Beijing’s clearly eager to stanch this flow. It’s holding the yuan steady in a forecasted band between 6.45 and 6.85 to the dollar this year. In March, China’s foreign exchange reserves grew for the first time in five months, suggesting capital flows have begun to reverse—which is exactly what China wants.
But the second factor won’t fluctuate according to currency rates and other market conditions. China wants a presence in the industries it sees as essential to sustained growth. High technology, biotech, infrastructure, and space: These will drive global demand in decades to come, Beijing’s planners believe, and the easiest way to get into them is to buy in.
The U.S. isn’t China’s only acquisition target. Australia actually tops the U.S. as a destination for Chinese capital, although this includes a lot of property and farmland deals.
At $23 billion, direct Chinese investment in Europe also hit a record last year, Rhodium reports. If ChemChina’s $43 billion bid for Syngenta is approved by yearend, as appears likely, it will be the largest Chinese acquisition overseas to date. The Swiss company is a leader in developing genetically engineered crops.
But the U.S. faces challenges other countries don’t. The U.S. is the source of most of the cutting-edge technologies the Chinese are eager to acquire and has national security concerns neither the Australians, French nor Germans need worry much about.
Why doesn’t Washington have a set of policies and guidelines defining what’s allowable and what’s not as the flow of direct Chinese investment accelerates?
As it stands, CFIUS rules on an ad hoc, deal-to-deal basis. Those familiar with its review process say it’s a dense, opaque bureaucracy whose wheels grind slowly and whose decisions exhibit no pattern.
Something close to confusion appears to reign as a result. Two months ago Fairchild Semiconductor walked away from a $2.5 billion Chinese acquisition bid because it feared CFIUS would block it. Syngenta’s U.S. subsidiary means that deal may be blocked. So might Zoomlion’s bid for Terex, because Zoomlion’s a supplier for the People’s Liberation Army. We’re talking about a maker of cranes, don’t forget.
Two weeks ago, Anbang Insurance abruptly withdrew a $14 billion bid for Starwood Hotels. Marriott won, and will now be the world’s No. 1 hotelier.
Anbang isn’t saying why it withdrew its offer. But among the uncertainties hanging over the proposed deal: Starwood has hotels near the White House and the Treasury department. Think about it: CFIUS might have blocked a hotel acquisition on national security grounds.

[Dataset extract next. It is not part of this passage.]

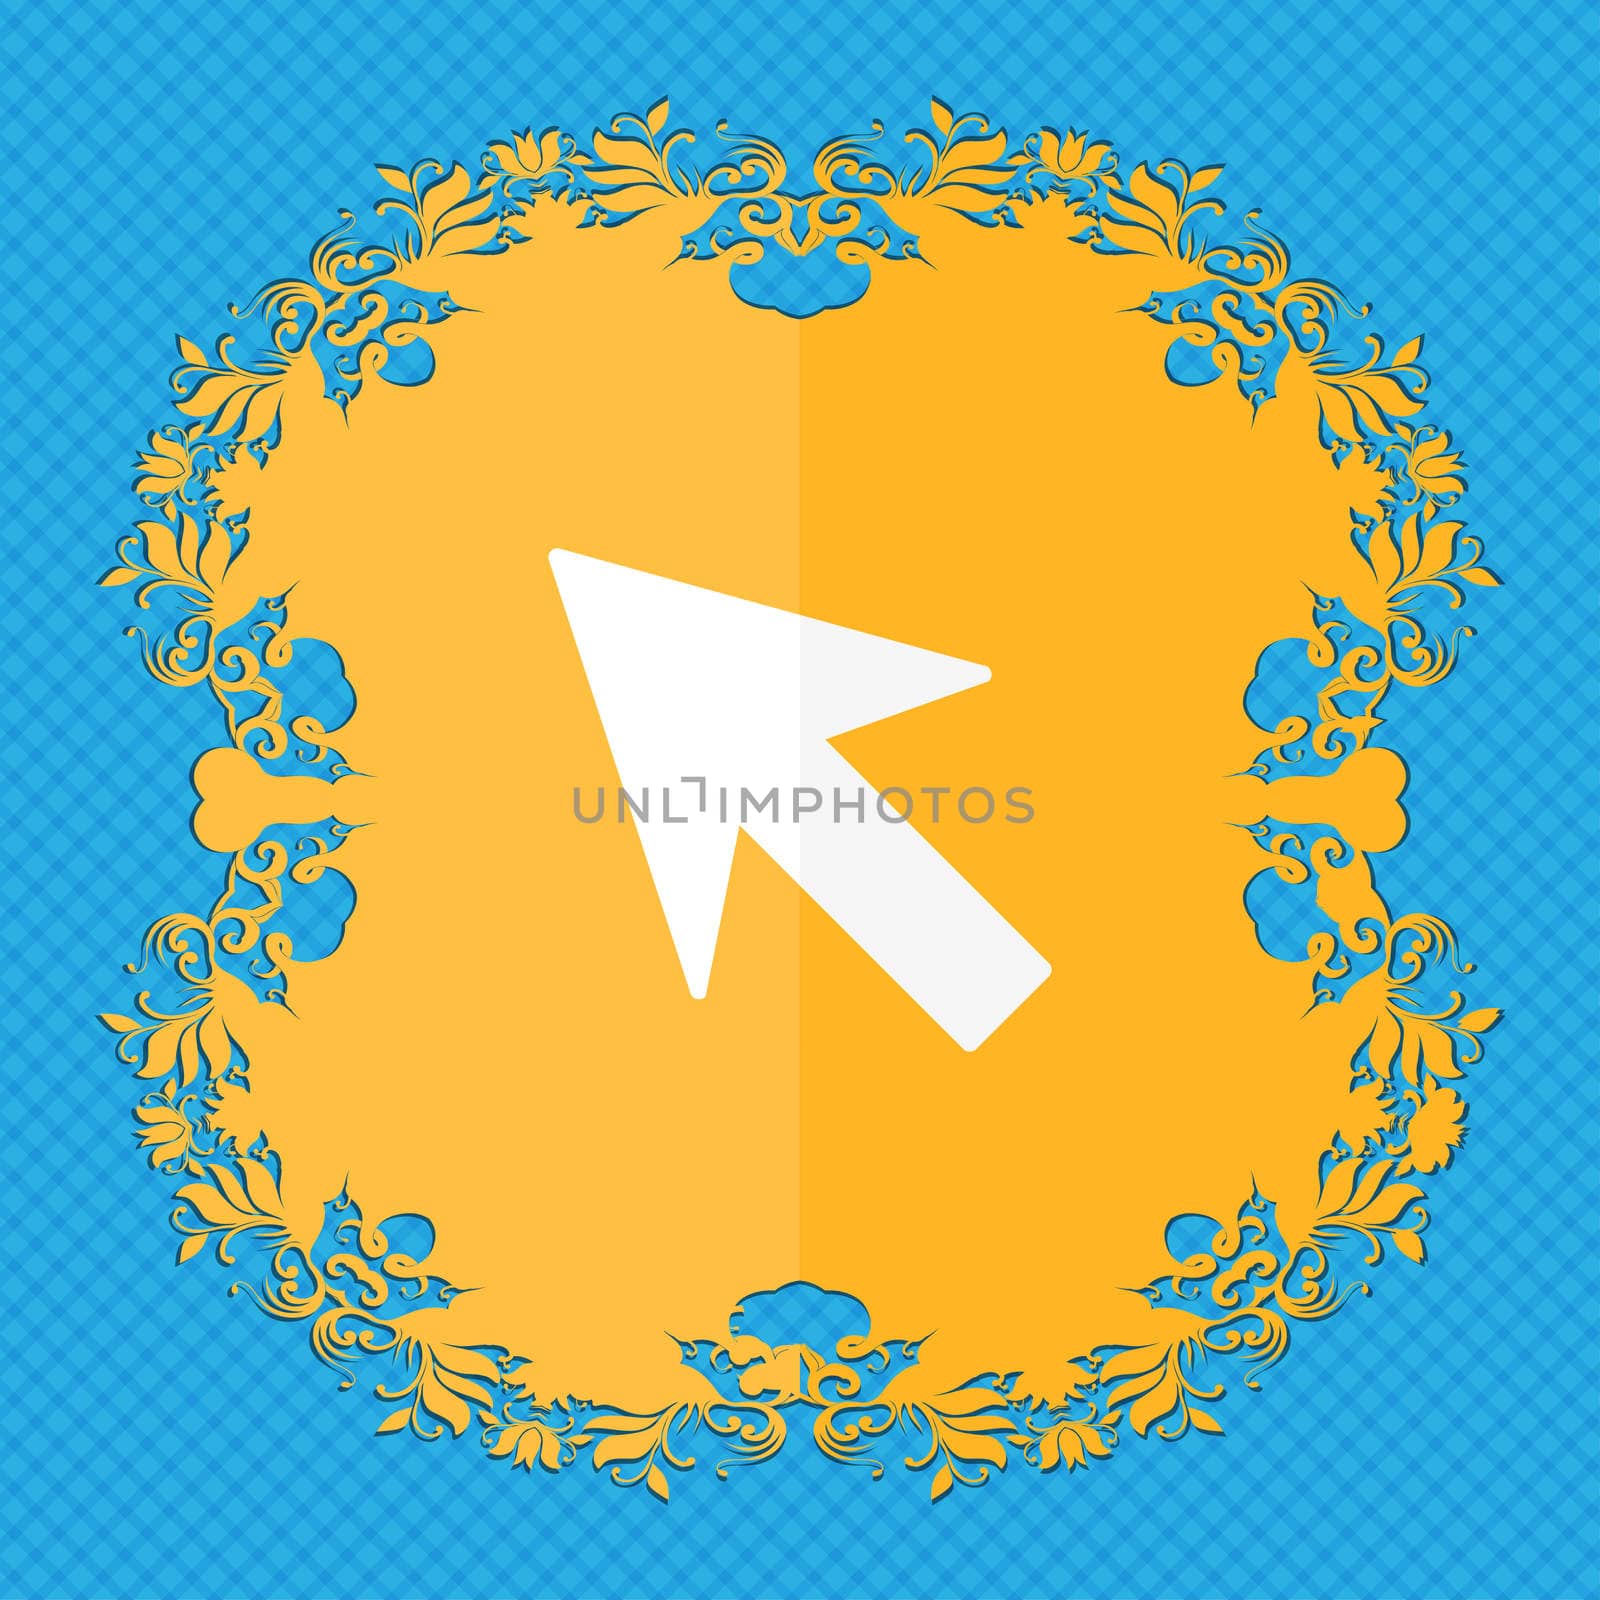 Cursor, arrow icon sign. Floral flat design on a blue abstract background with place for your text. illustration
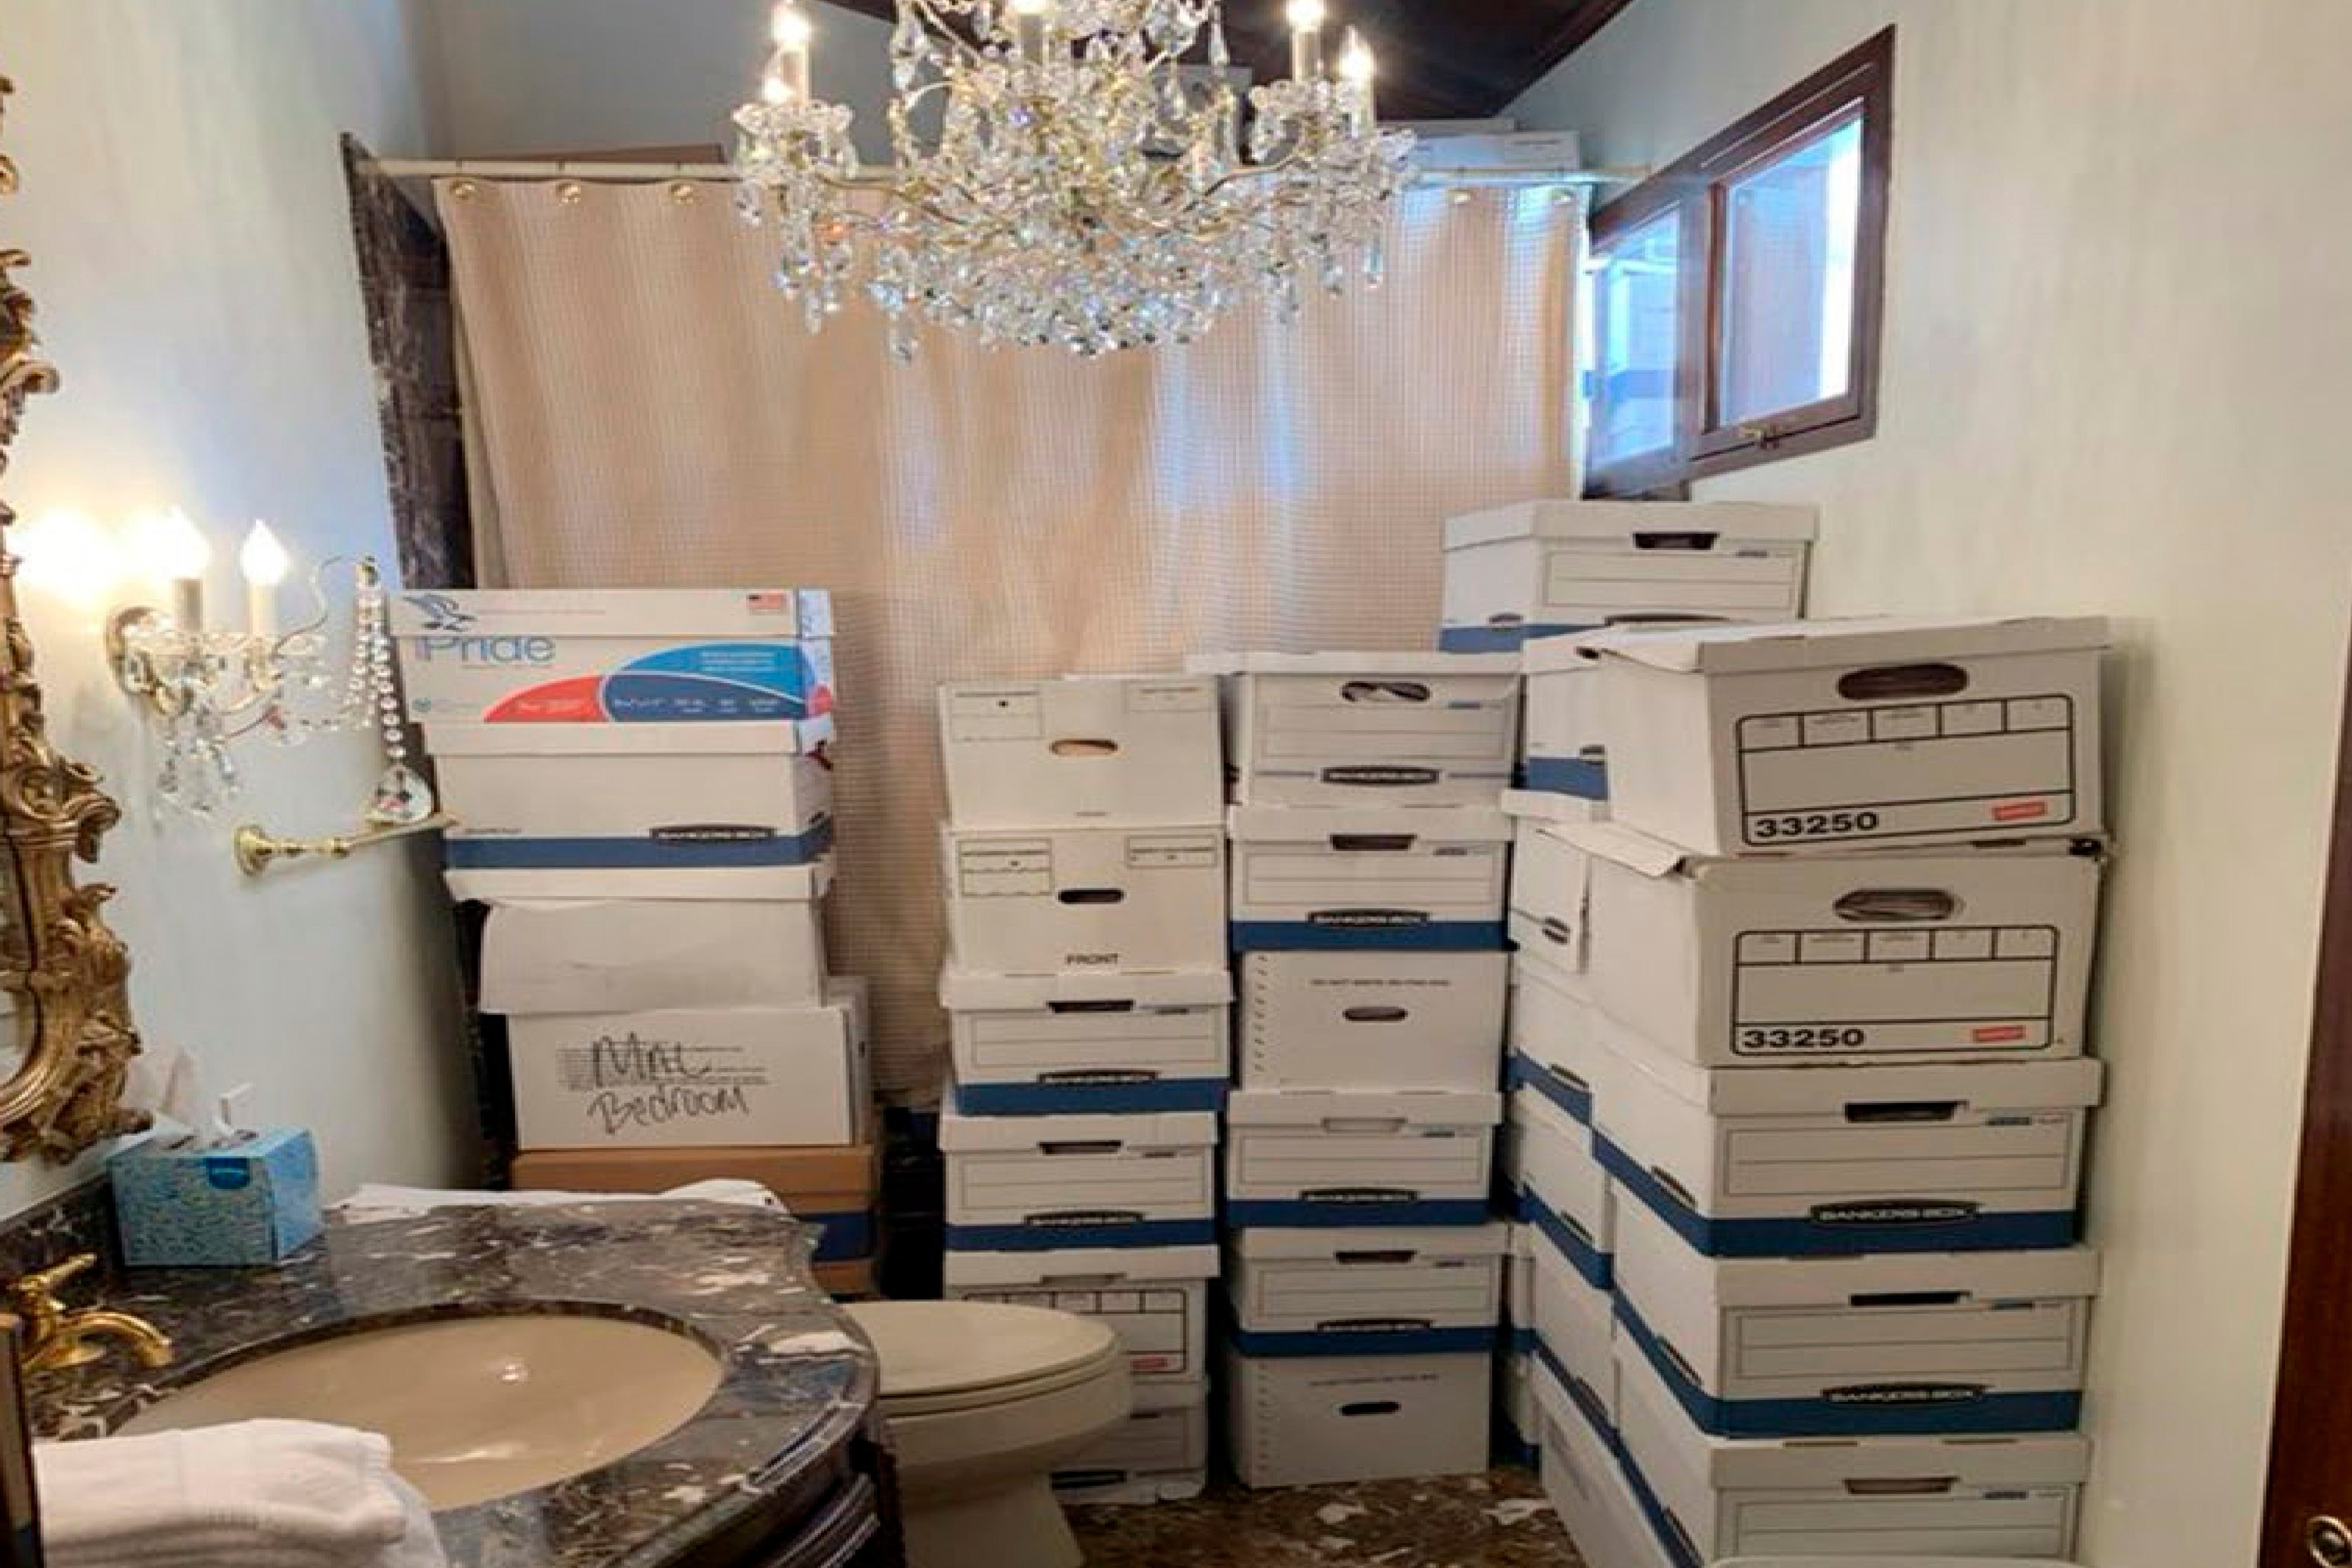 Boxes containing classified documents in a bathroom in Mar-a-Lago

This is not an orderly, predictable process, and it’s too prone to special-interest pressure. “The committee responds to lobbyists and strong arguments,” Dilenschneider said in an interview.
“It sounds like you mean protectionism and don’t want to use the word,” I replied.
“That’s exactly what I mean,” he said.
There are risks here, especially given the fragility of U.S.-China relations at the moment and the anti-Chinese grandstanding now common on the presidential campaign trail. U.S. businesses could get hurt if the Chinese decide retaliatory measures are justified. So could the trade relationship, to say nothing of bilateral ties.
“Should we designate which industries we consider strategic so everyone knows the rules?” Dilenschneider asked. “That would be very useful, but we don’t have the political will to do it.”